The helper as written is already really useful:
var Parent = Helper.makeClass({
nifty: function() {
return "Nifty!";
}
});
var Child = Helper.makeClass(Parent, {
spiffy: function() {
return "Spiffy!";
}
});
var c = new Child();
alert(c.nifty()); // Alerts "Nifty!" using Parent#nifty
alert(c.spiffy()); // Alerts "Spiffy!" using Child#spiffy
But what if we want to override #nifty in Child to do some processing on Parent's return value? Well, we can do that by going direct to the parent and using Function#call (or Function#apply), but the syntax is quite awkward:
var Child = Helper.makeClass(Parent, {
nifty: function() {
var rv = Parent.prototype.nifty.call(this);
return rv.toUpperCase();
},
spiffy: function() {
return "Spiffy!";
}
});
var c = new Child();
alert(c.nifty()); // Alerts "NIFTY!"
That works, but there are a few good reasons not to do it:
  • It's long-winded, inviting irritating mistakes.
  • It's makes re-basing a class difficult (every method that does this has that superclass name in it).
  • It makes moving code between classes difficult (ditto).
In short, it's a maintenance problem. Manageable, but a problem. And this is why most libraries try to address it in various ways, often involving adding closures and decompilation and indirection and whatnot. On the "up" side, the above is quite direct and performs very quickly. But what if we could get that directness and speed without getting all of that other stuff, and with brevity and maintainability?

We can.

With a Little Help(er) From My Friends


Our makeClass function has all of the information it needs to help us out: It can easily tell when we're overriding a base class function, and it can give us a reference to that function without our having to know the base class name. How? By putting it on our function instance. Remember that functions are first-class objects, we can put properties on them.
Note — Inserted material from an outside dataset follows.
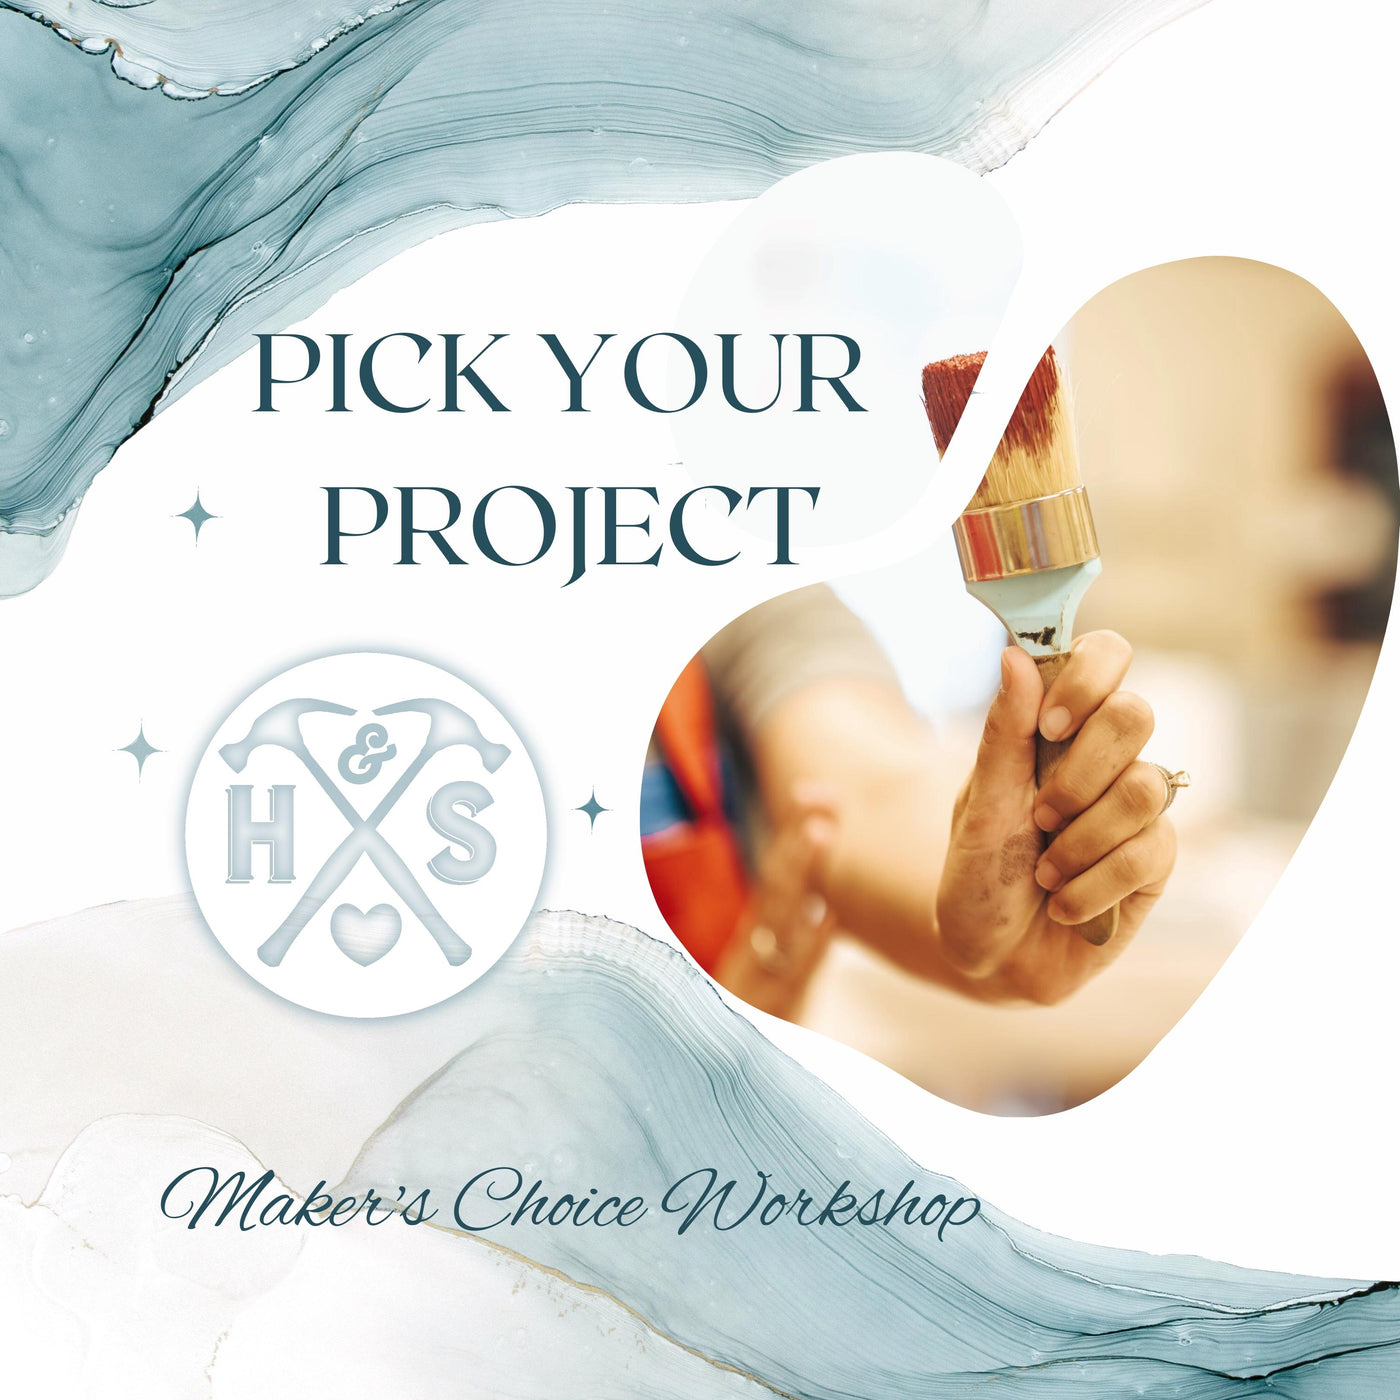 SUMMER PICK YOUR PROJECT WORKSHOP - JULY 29TH, 6:00 PM

This turns out to be really easy. In makeClass, when copying the members from the specification object(s) to the new constructor's prototype, if a member we're copying is a function and we have a base and the base value is also a function, we stick it on the override function as $super. E.g., we replace these lines from earlier:
for (name in members) {
ctor.prototype[name] = members[name];
}
...with:
for (name in members) {
value = members[name];
if (base && typeof value == 'function') {
baseValue = base.prototype[name];
if (typeof baseValue == 'function') {
value.$super = baseValue;
}
}
ctor.prototype[name] = value;
}
(Also add the 'value' and 'baseValue' declarations at the top.)
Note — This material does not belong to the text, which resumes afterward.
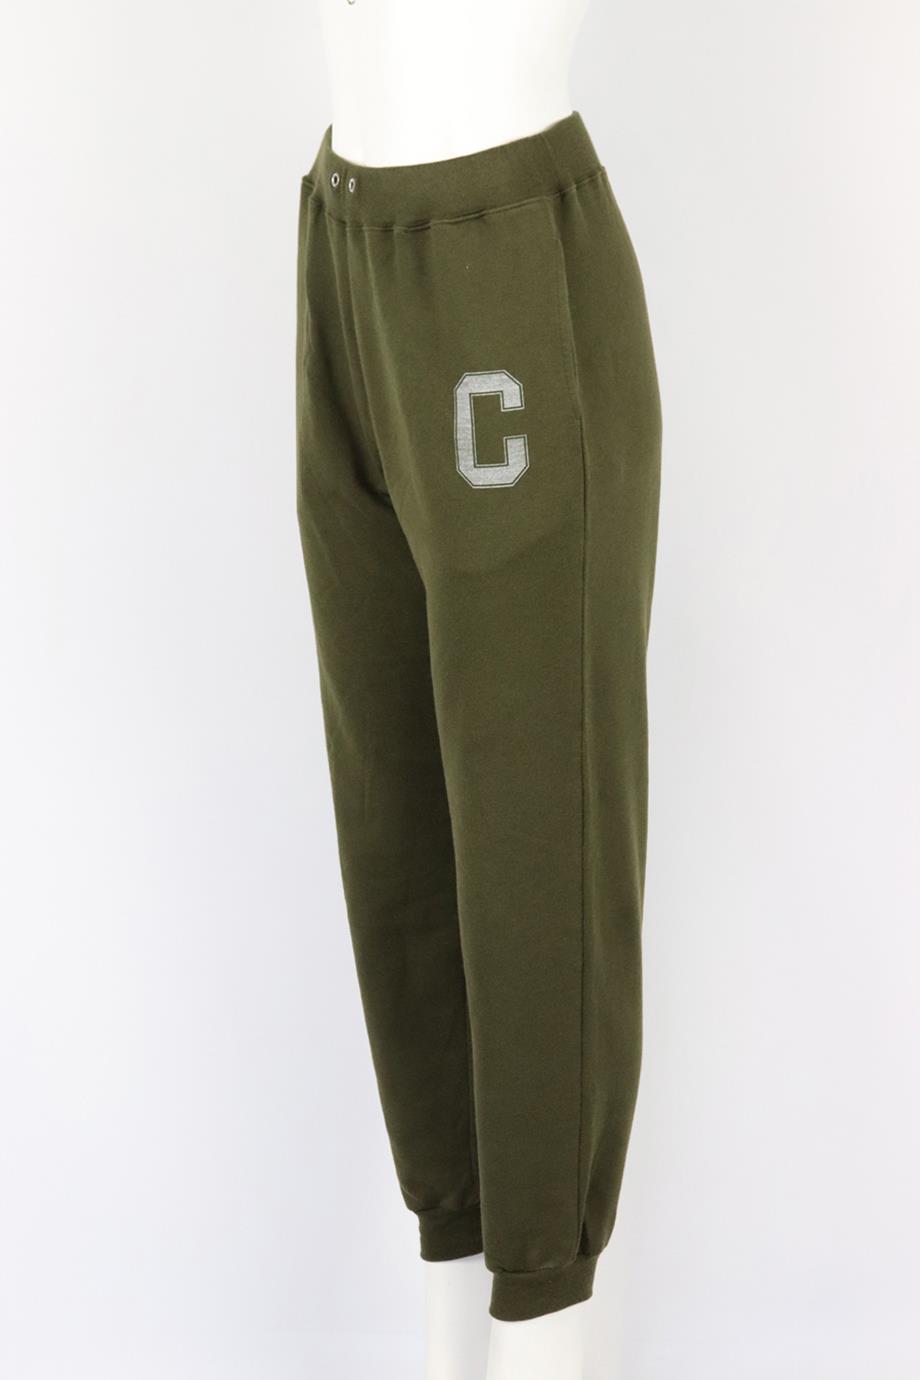 CELINE LOGO DETAILED COTTON TERRY TRACK PANTS SMALL

So now we can get at our superclass's function by looking at the $super property on our own function. But how do we get that? In our Child#nifty function earlier, say, how do we get to Parent#nifty? If your first thought (like mine) is this.nifty.$super, I'm afraid you're not thinking it through — that will work only for one level of hierarchy, it will fail if anything (say, GrandChild) derives from Child and has its own #nifty function, because with a GrandChild instance, this.nifty is always GrandChild#nifty. If Child#nifty called this.nifty.$super in that situation, it would be calling itself, not Parent#nifty, recursing until the engine gave up on it. So this is out.

And here we run into an issue. We want to get at our current function object, but so far we haven't been giving our functions names. They're just anonymous functions we've assigned to properties on objects. The properties have names, but the functions do not, and we've just concluded we can't use the property (because we can only get to it via this, and that means it'll always point to the bottommost — GrandChild — function). So now what?

Well, there is a way, but it's a bit ugly (on a couple of fronts): arguments.callee. The arguments object, I'm sure you know, is an array-like object defined within functions that contains the arguments passed into the function. That object also has a property on it called callee that is a reference to the actual function object. So we can get at our super function using arguments.callee.$super. And like all other functions, we can call it and pass in the value to use as this by using the Function#call function. So:
var Child = Helper.makeClass(Parent, {
nifty: function() {
var rv = arguments.callee.$super.call(this); // Blech
return rv.toUpperCase();
},
});
alert(c.nifty()); // Alerts "NIFTY!"
That works, and is more efficient than most other schemes, but it has some issues:
  • It's long-winded, inviting irritating mistakes (wait, where have I heard that before?)
  • The new ECMAScript standard, 5th edition, has a "strict" mode in which arguments.callee (amongst other things) is disallowed (many thanks to John-David Dalton and Juriy Zaytsev — kangax — for pointing this out to me)
  • It's slow (although faster than many other ways of doing this), most browsers don't set up arguments.callee unless you use it, and they're pretty slow at setting it up (thanks again, kangax, for that one)
Still, it is functional (outside of strict mode). But what if we could get there another way without those problems?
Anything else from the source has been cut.